Ihr einstiger Entwurf zu einem solchen Gesetz kehrt nun in Form der grünen Eckpunkte wieder. In diesen wird anerkannt, dass die Gesundheit zwar für den Menschen einen „hohen Stellenwert“ habe und deshalb „realistische“ Heilungschancen auch genutzt und gefördert werden sollen. Kein Verständnis wird jedoch aufgebracht, wenn „mit Hilfe der Gentechnik der Versuch unternommen wird, falsche Maßstäbe vom perfekten Menschen zu verwirklichen“.

Allgemein formuliert, wird die Gentechnik grundsätzlich bejaht, solange ihr eine ethische Diskussion vorausgeht. Bei den konkreten Ausformulierungen dessen, was erlaubt sei, gehen die Grünen dabei eine Allianz mit der Kirche ein und folgt ihr in ihrer dogmatischen Position. Aus dieser Grundhaltung folgern die Grünen ein klares Nein zur Nutzung von embryonalen Stammzellen zu Forschungszwecken.

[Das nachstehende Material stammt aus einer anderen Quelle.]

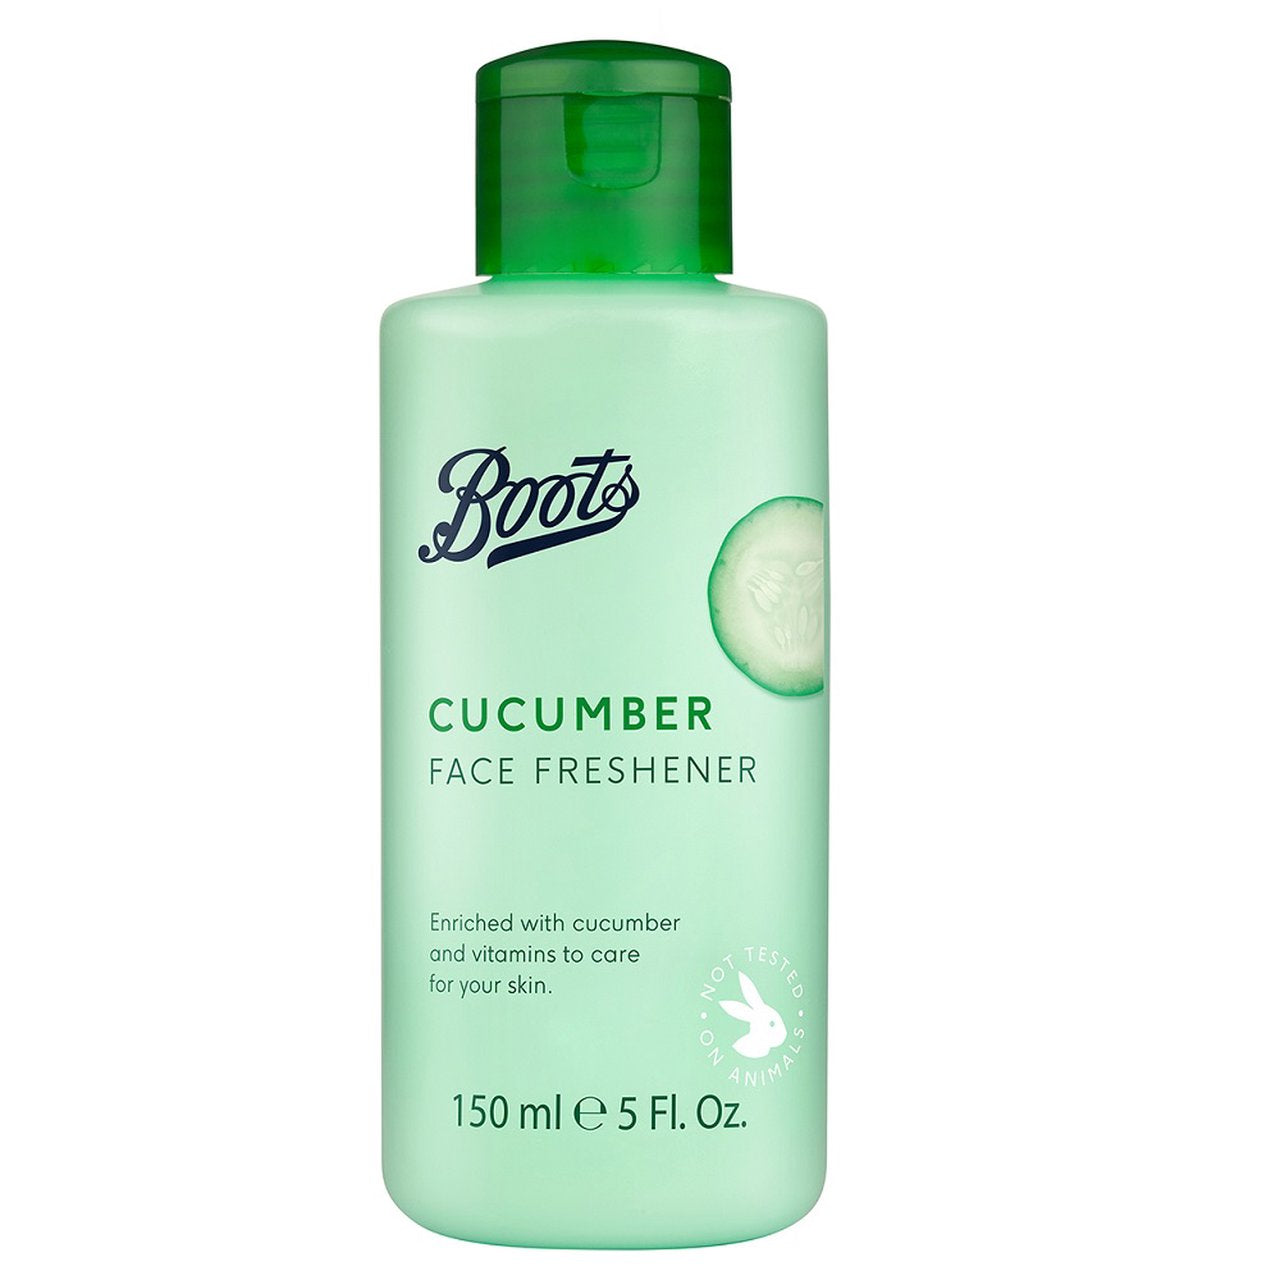 Boots Cucumber Face Freshener 150 ml., Освежающий тоник с экстрактом огурца для очищения кожи 150 мл.

In ihren Augen würde für diese Art von Forschung menschliches Leben vernichtet und sei in diesem Sinne unvereinbar mit dem Konzept der Menschenwürde. Allein die Forschung mit adulten Stammzellen solle erlaubt werden.

Auch die so genannte Präimplantationsdiagnostik (PID), bei der im Labor erzeugte Embryonen vor Einsetzen in den Mutterleib auf Erbkrankheiten untersucht und aussortiert werden können, soll verboten bleiben. Und dies ohne jegliche Ausnahmen, obwohl die geltende Regelung eine pränatale Diagnostik nach Einsetzung in den Mutterleib erlaubt. Laut geltender Regelung ist in schweren Fällen von Erbkrankheiten erlaubt, einen solchen Fötus abzutreiben.

Ein weiterer wichtiger Punkt ist das Gentestgesetz, in dem verboten werden solle, dass etwa Versicherungen genetische Daten zur Grundlage von Risikobewertungen machen dürfen, um Personen mit „besseren“ Risiken zu privilegieren. „Man muss verhindern, dass die Rosinen den Kuchen verlassen“, so Fischer.

Da die Debatte über die Standpunkte zu den „Chancen und Risiken der Gentechnik“ nicht nur bei den Grünen kontrovers geführt werde, hätten sich die Fraktionen darauf geeinigt, den Fraktionszwang bei der anstehenden Bundestagsdebatte vom 31. Mai aufzuheben, sagte Fischer.

Ein Beispiel für die Kontroverse bei der SPD lieferte derweil der saarländische Landesvorsitzende Heiko Maas, der sich als erster prominenter Sozialdemokrat dafür aussprach, das therapeutische Klonen von Embryonen bis zum 14. Tag zu erlauben. Dies tat er in einem Brief an Justizministerin Herta Däubler-Gmelin kund, die das therapeutische Klonen ablehnt.